## What to do
Repeat the data exactly as given below, dropping every picture.

## Data
-------------------------

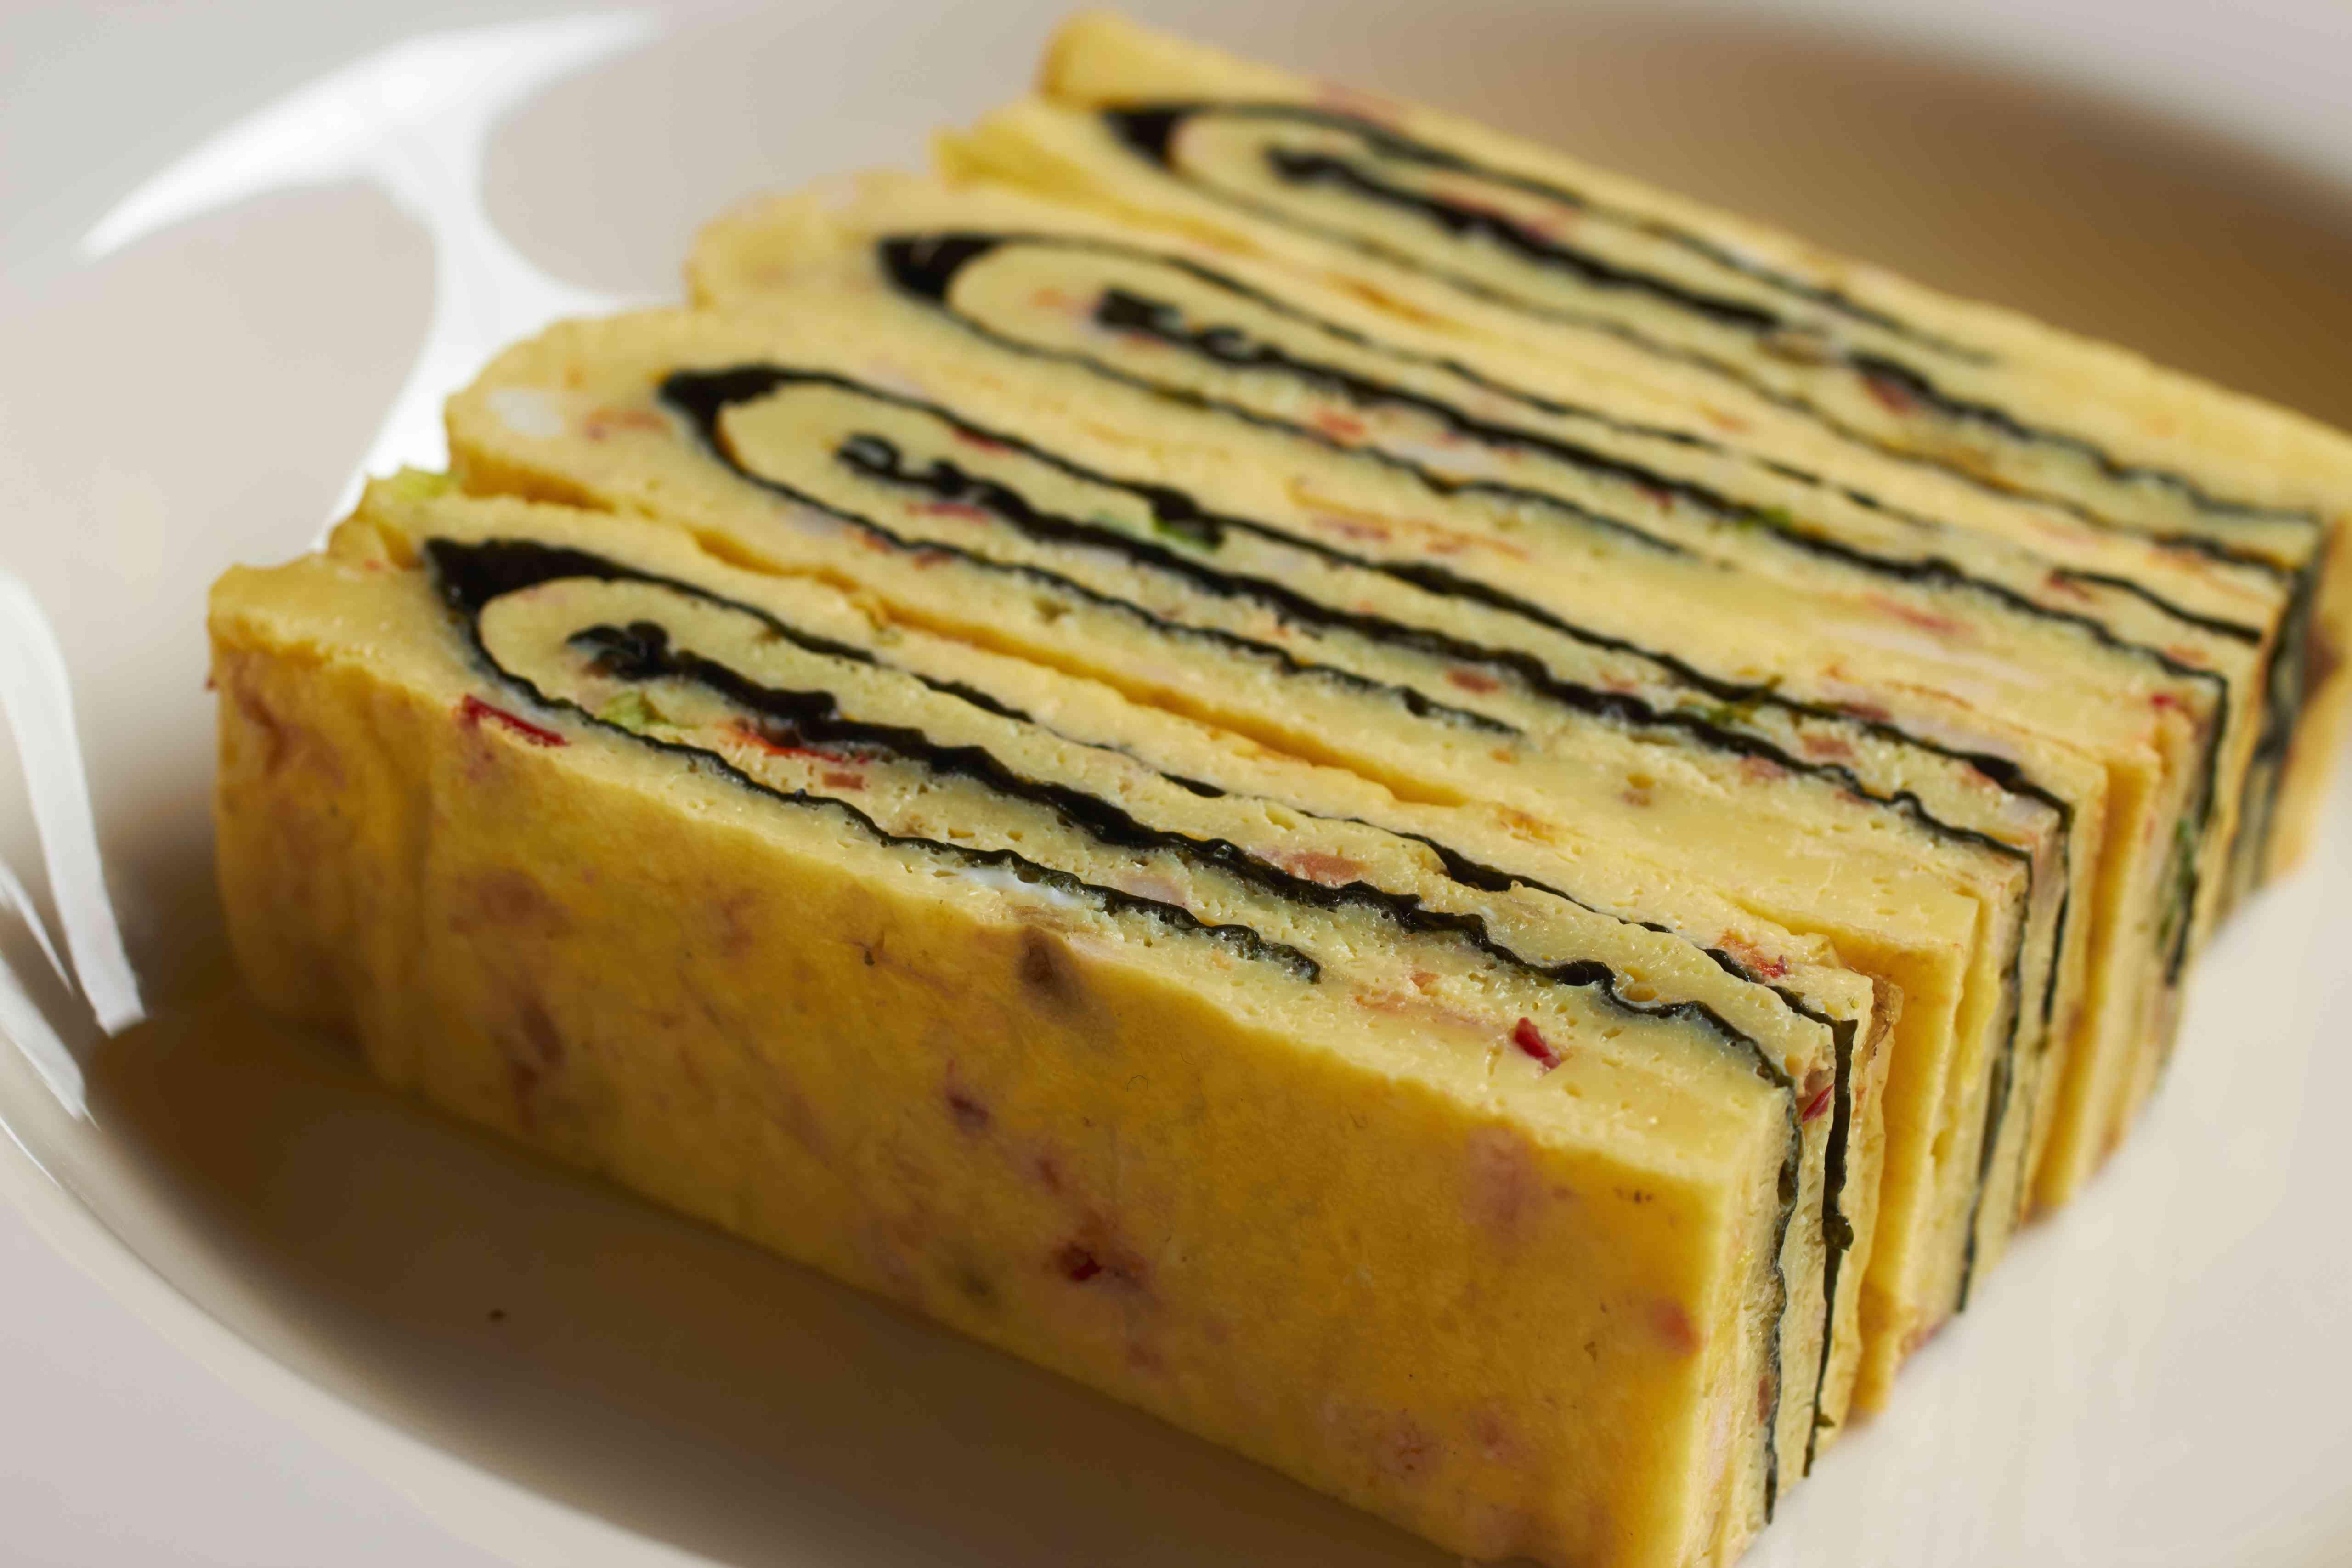 Korean style rolled omlette
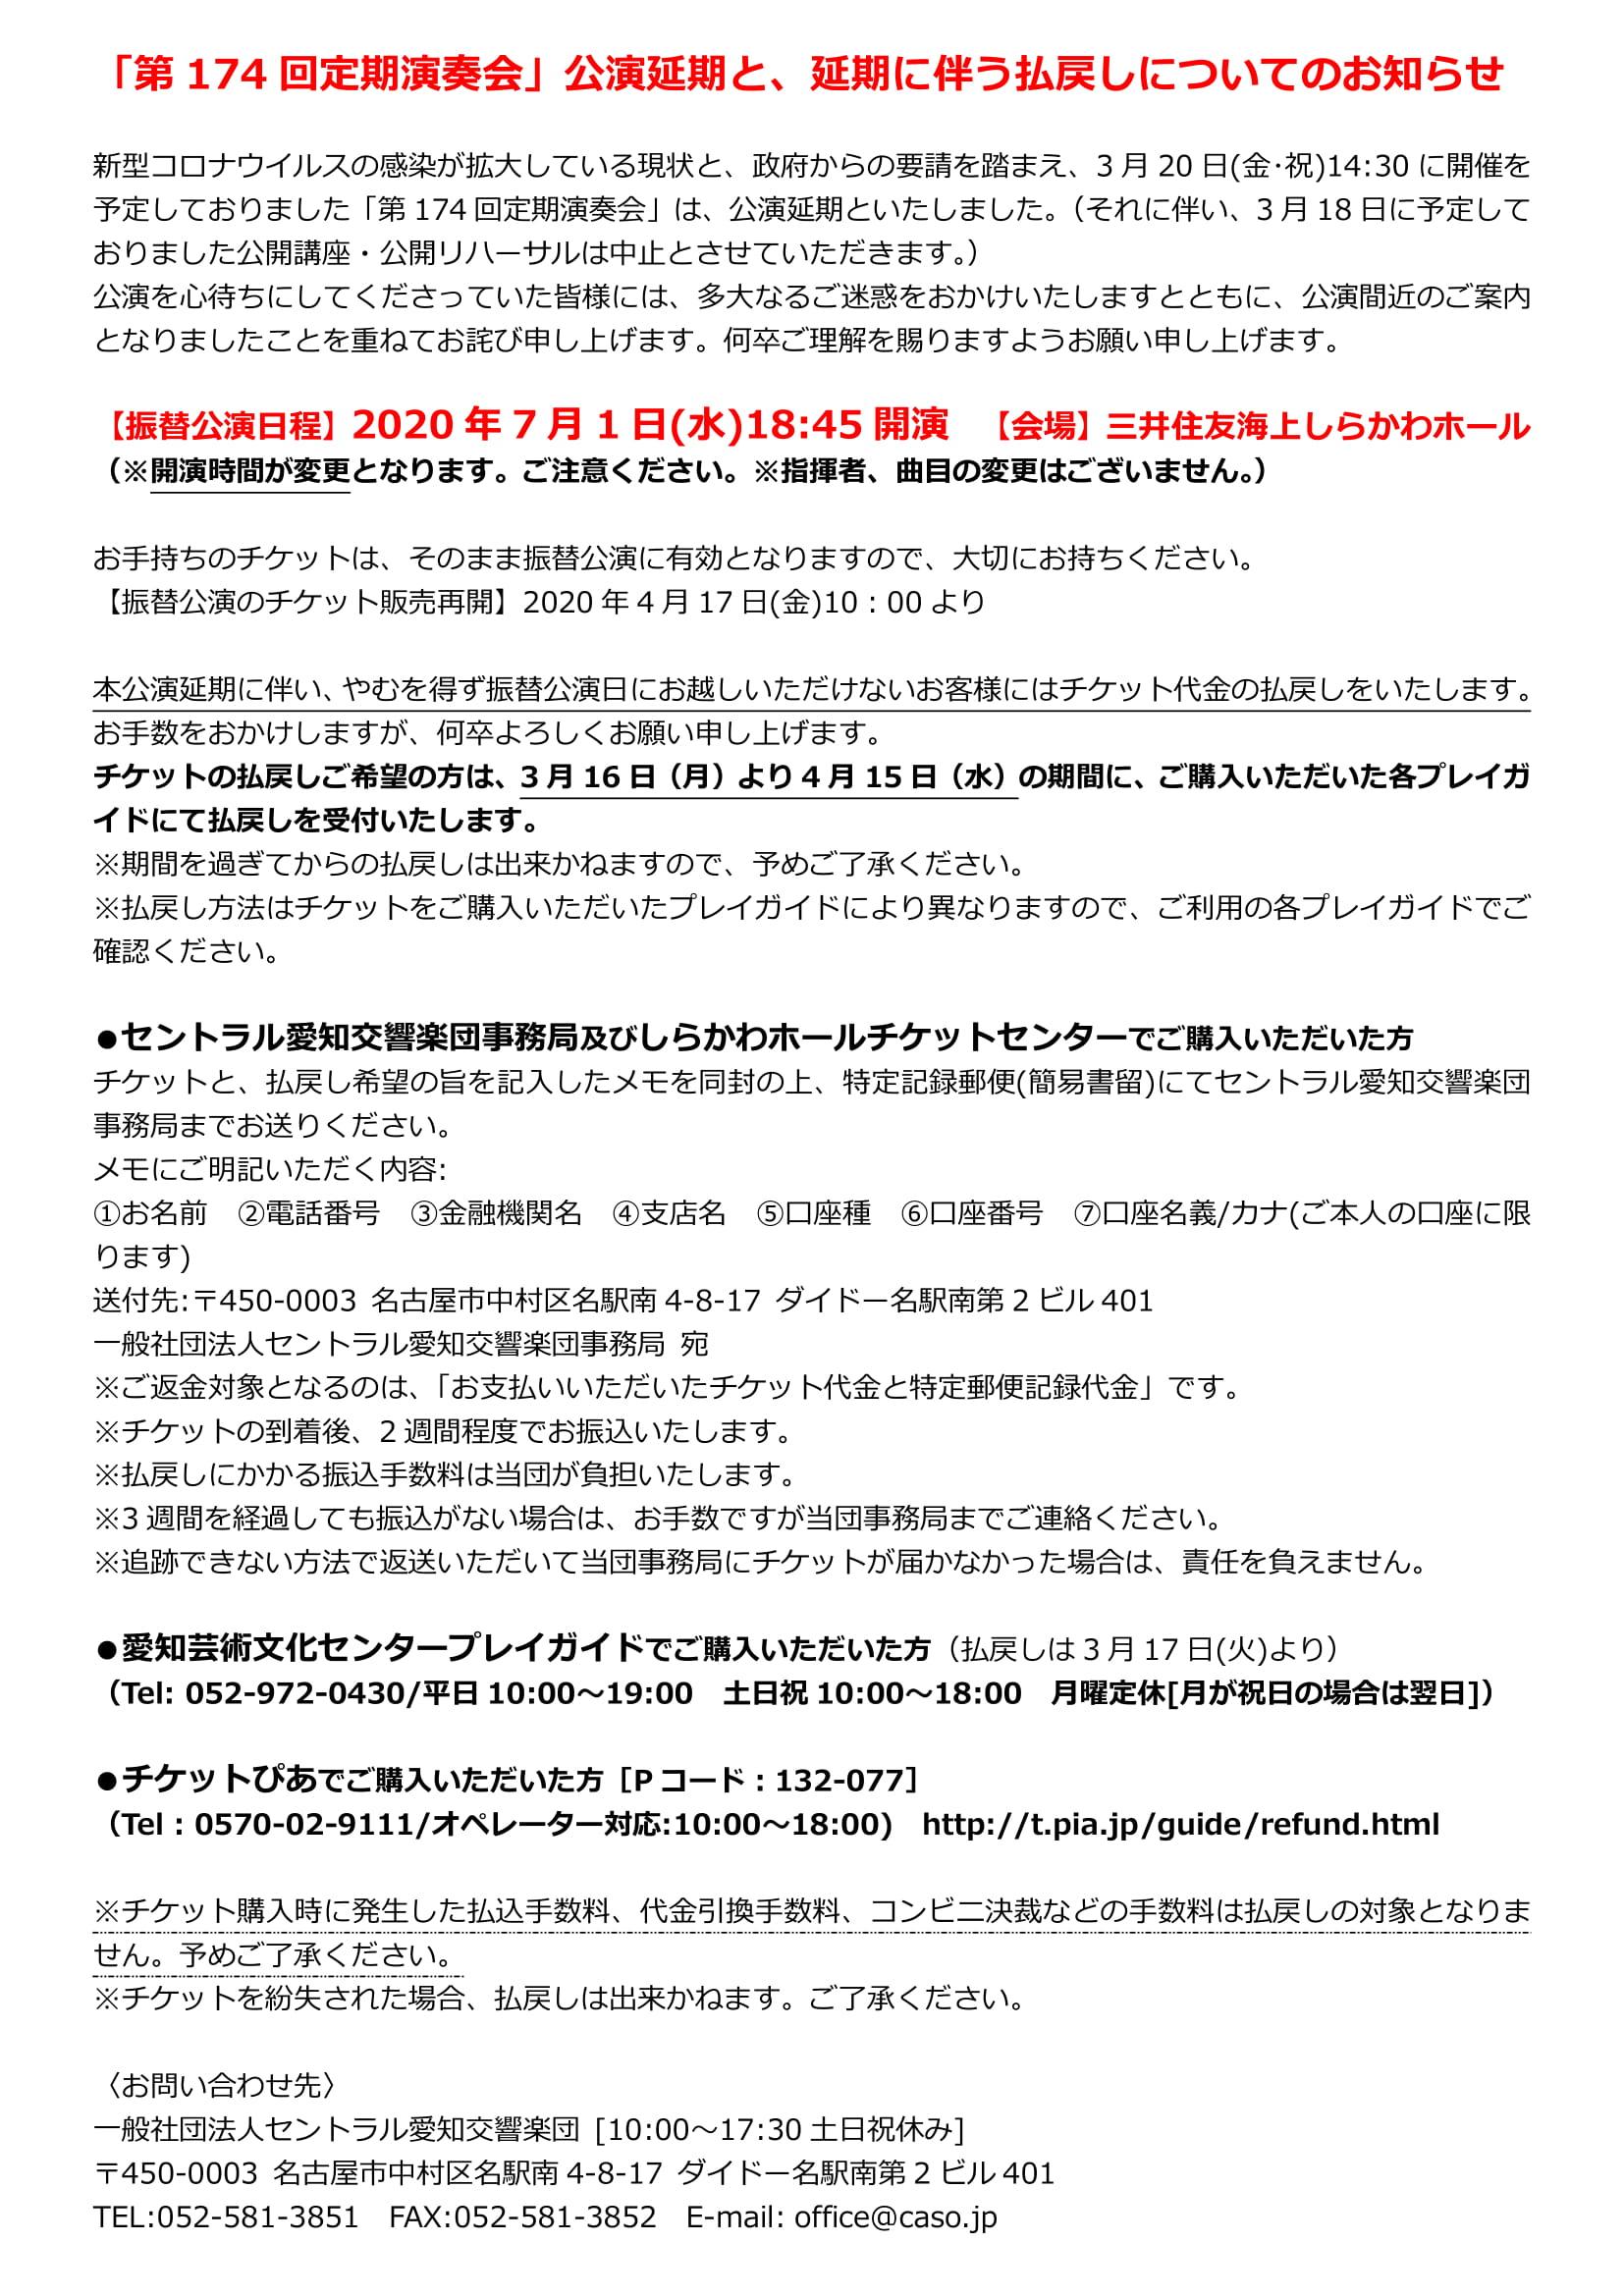 【振替公演】第174回定期演奏会~隠された伝説の再創造~
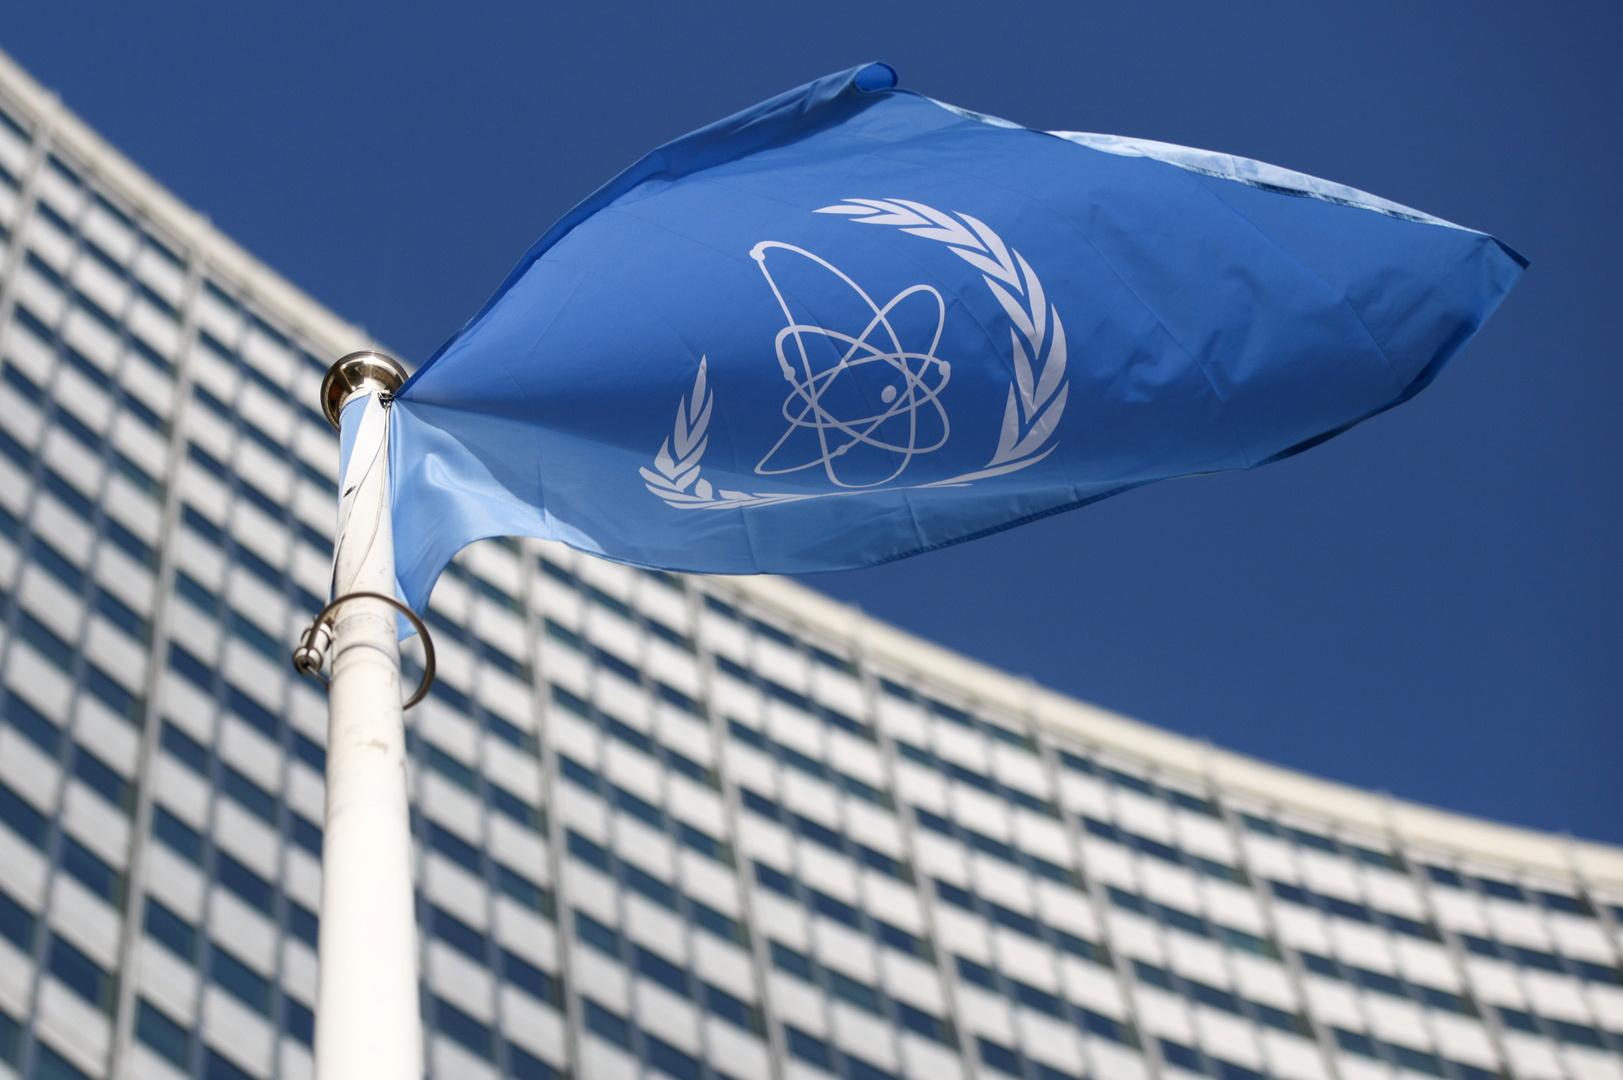 روسيا تدعو لعدم استغلال الوكالة الدولية للطاقة الذرية لتصفية الحسابات مع سوريا

-------------------------

## Solution for this task
 Korean style rolled omlette
 【振替公演】第174回定期演奏会~隠された伝説の再創造~
 روسيا تدعو لعدم استغلال الوكالة الدولية للطاقة الذرية لتصفية الحسابات مع سوريا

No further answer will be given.